Alan Breznick
By investing $5 billion for a 3% stake in AT&T Corp., Microsoft Corp. may not be gaining as much as it wanted. But, as with its earlier $1 billion investment in Comcast Corp., the computer software giant is hoping for a big payoff down the line.
Rewarding Microsoft for not teaming with Comcast to counter its $54 billion bid for MediaOne Group, AT&T agreed last week to boost its deployment of Microsoft's operating system software in digital cable set-top boxes. AT&T now plans to license Microsoft's Windows-CE based software in 7.5 million to 10 million digital set-tops, up from 5 million boxes that was part of an earlier preliminary agreement.
AT&T also agreed to try out Microsoft's client/server TV software in three advanced digital markets by next spring. In two of these test markets, a large, undisclosed city and a smaller region with up to 50,000 homes, the MSO will use Microsoft's software exclusively, at least at first, to offer bundles of video, voice and data services.
In addition, Microsoft gains the right to buy MediaOne's 29.9% stake in Telewest Communications, a large British cable operator, from AT&T once the phone giant closes its pending acquisition of MediaOne. With $500 million invested earlier this year in NTL Inc., which has been trying to acquire Telewest for the last year, Microsoft could well end up with a big stake in Britain's largest MSO.
What Microsoft is not getting from AT&T, however, is the exclusive deal for its interactive TV software that the computer giant has been urgently seeking from cable operators for several years. As Comcast did, AT&T pointedly rejected Microsoft's demand that it gain a lock on digital set-top box technology.
Last week, C. Michael Armstrong, chairman/CEO of AT&T, reiterated his strong opposition to exclusive deals with any vendor, including Microsoft.

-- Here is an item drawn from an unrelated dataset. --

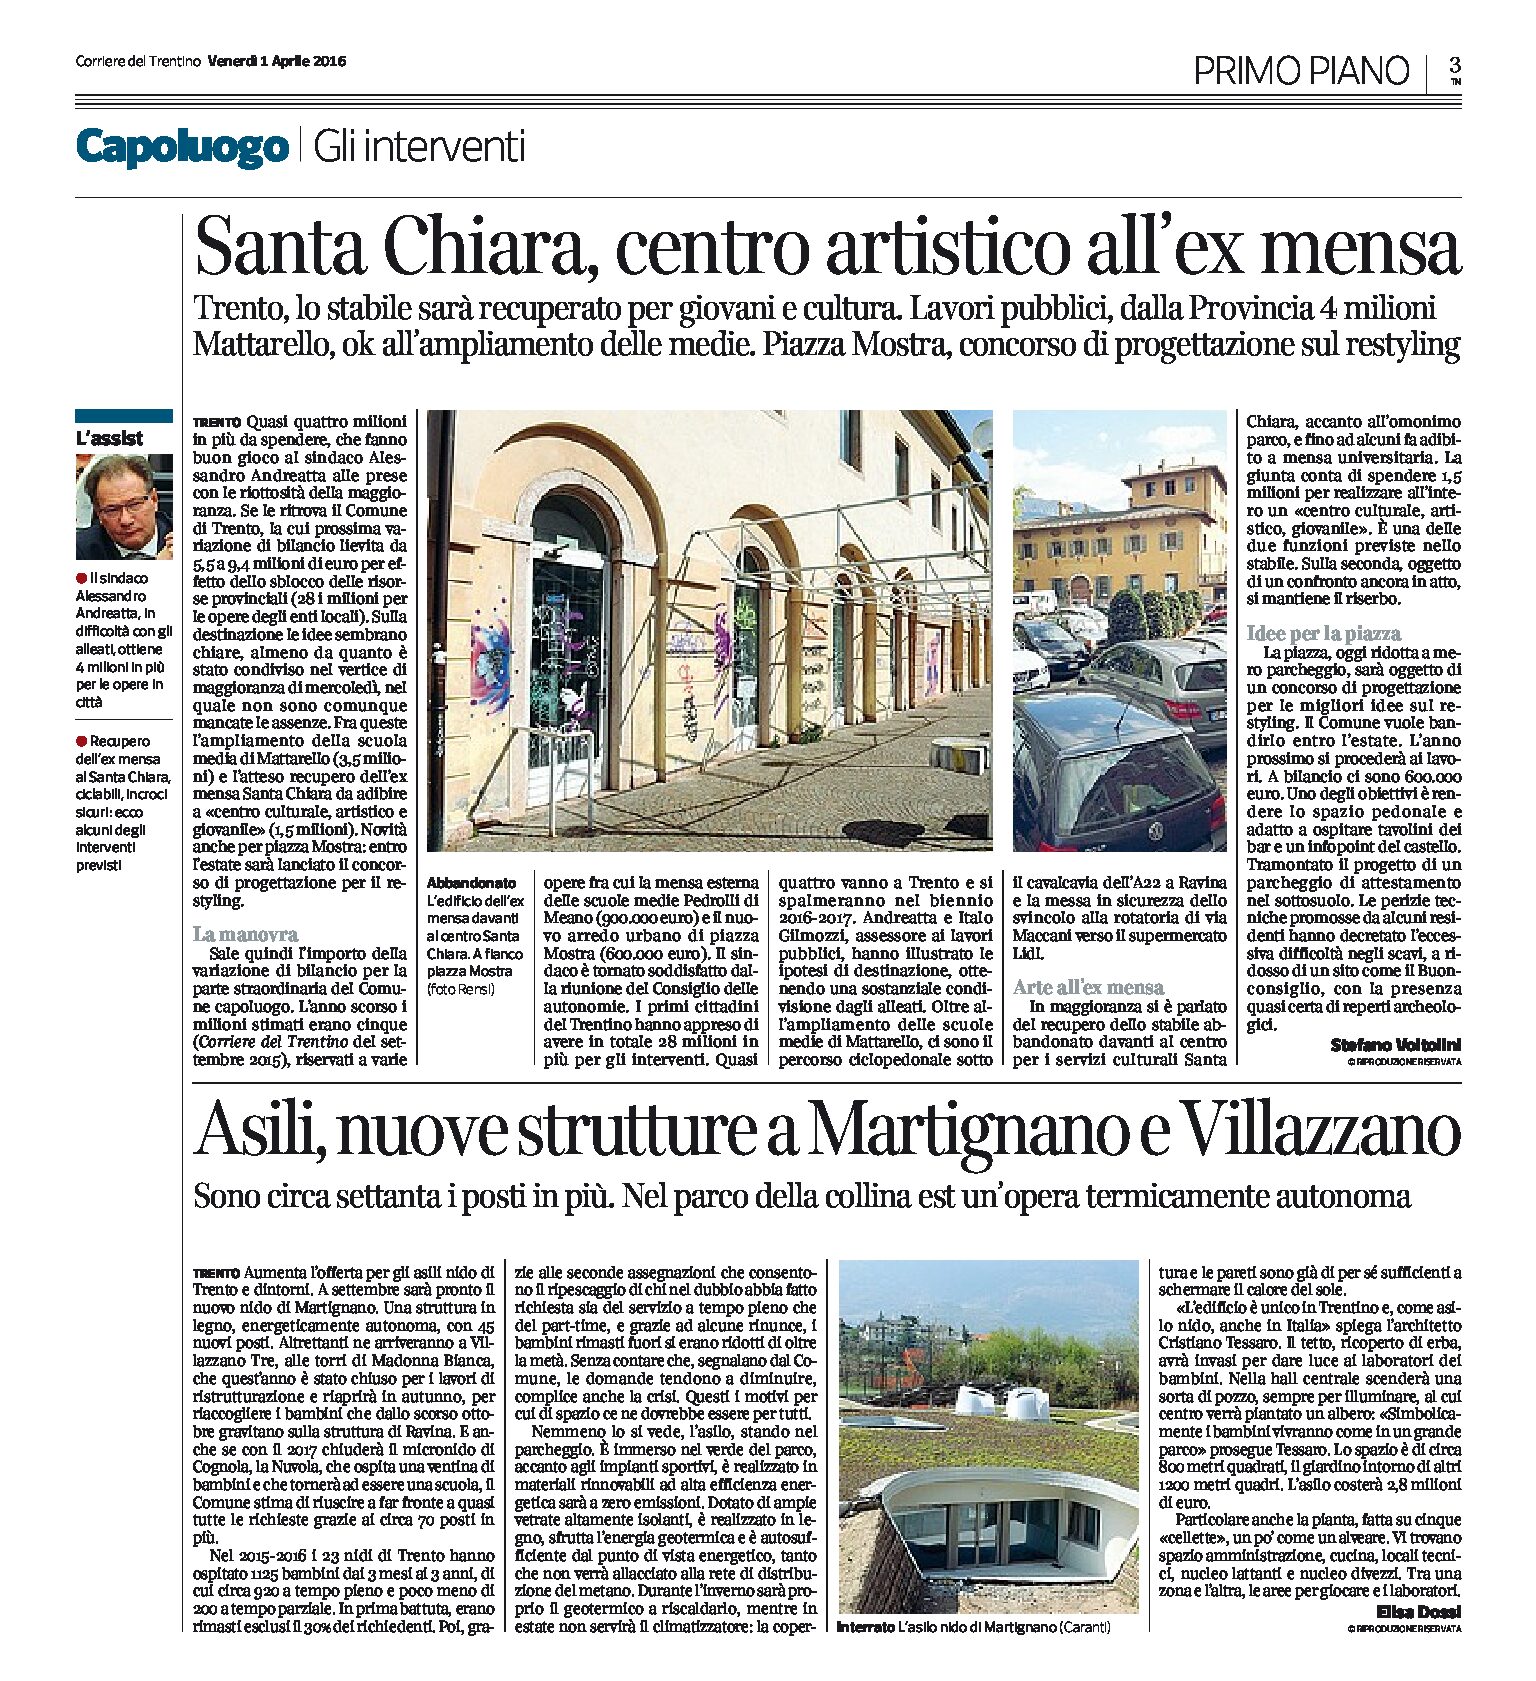 Trento: ex mensa S. Chiara centro artistico, concorso per Piazza Fiera, nuovo asilo a Martignano e a Villazzano

"We have relationships with a number of vendors," including set-top box providers, Armstrong said. "That number will only increase over time."

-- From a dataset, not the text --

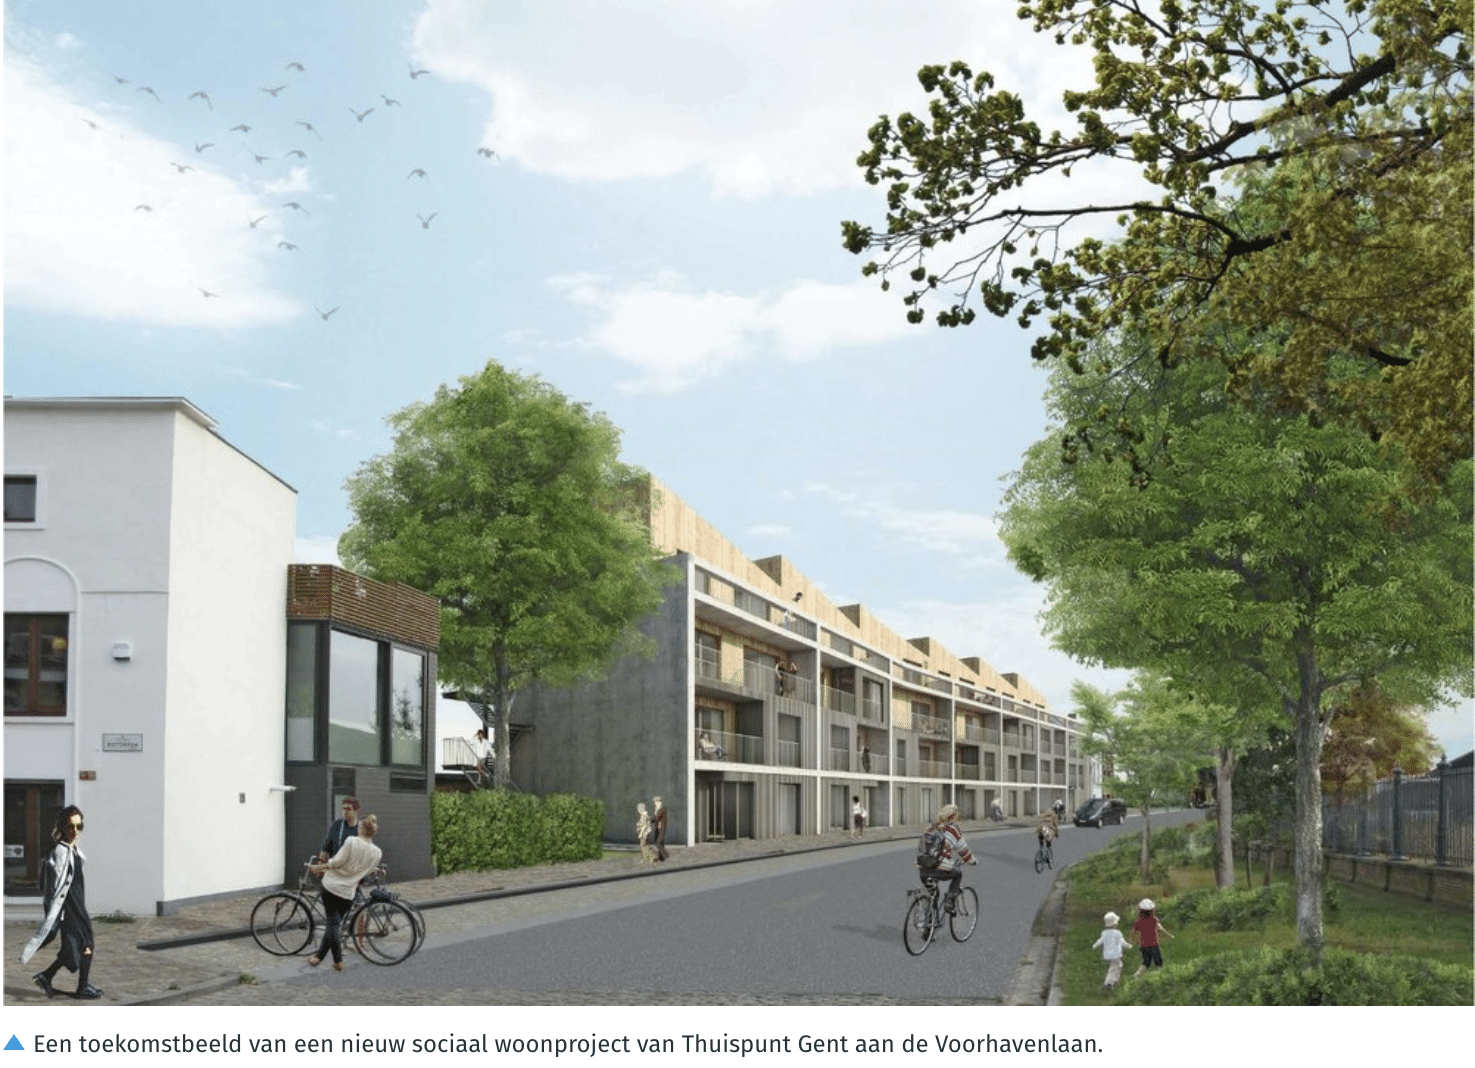 Gent schakelt versnelling hoger en mikt op 20% sociale woningen tegen 2050

Nevertheless, Microsoft emerged from the MediaOne wars with an edge over Sun Microsystems and its other rivals. By increasing the deployment of Windows-CE to as many as 10 million AT&T digital set-tops, Microsoft doesn't leave room for Sun to get its Java software into more than 2 million to 5 million AT&T digital boxes, according to Michael Harris, president of Kinetic Strategies Inc.
Microsoft also finally gets to strut its stuff by supplying the interactive TV software for AT&T's three digital showcase systems, or "model cities."

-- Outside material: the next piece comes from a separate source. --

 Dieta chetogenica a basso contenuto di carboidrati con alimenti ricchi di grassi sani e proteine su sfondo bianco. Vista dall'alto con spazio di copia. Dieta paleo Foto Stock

Analysts said the AT&T/Microsoft agreements make a merger between Network and Road Runner more likely. With the MediaOne acquisition, AT&T will hold stakes in both and Road Runner, while Microsoft will own pieces of Road Runner and two partners, AT&T and Comcast.
The big loser last week appeared to be America Online Inc., which dropped out of talks to help Comcast outbid AT&T when the price rose too high. Analysts expect AOL to redouble its efforts to swing high-speed data deals with Baby Bells and press for unfettered access to cable's broadband lines.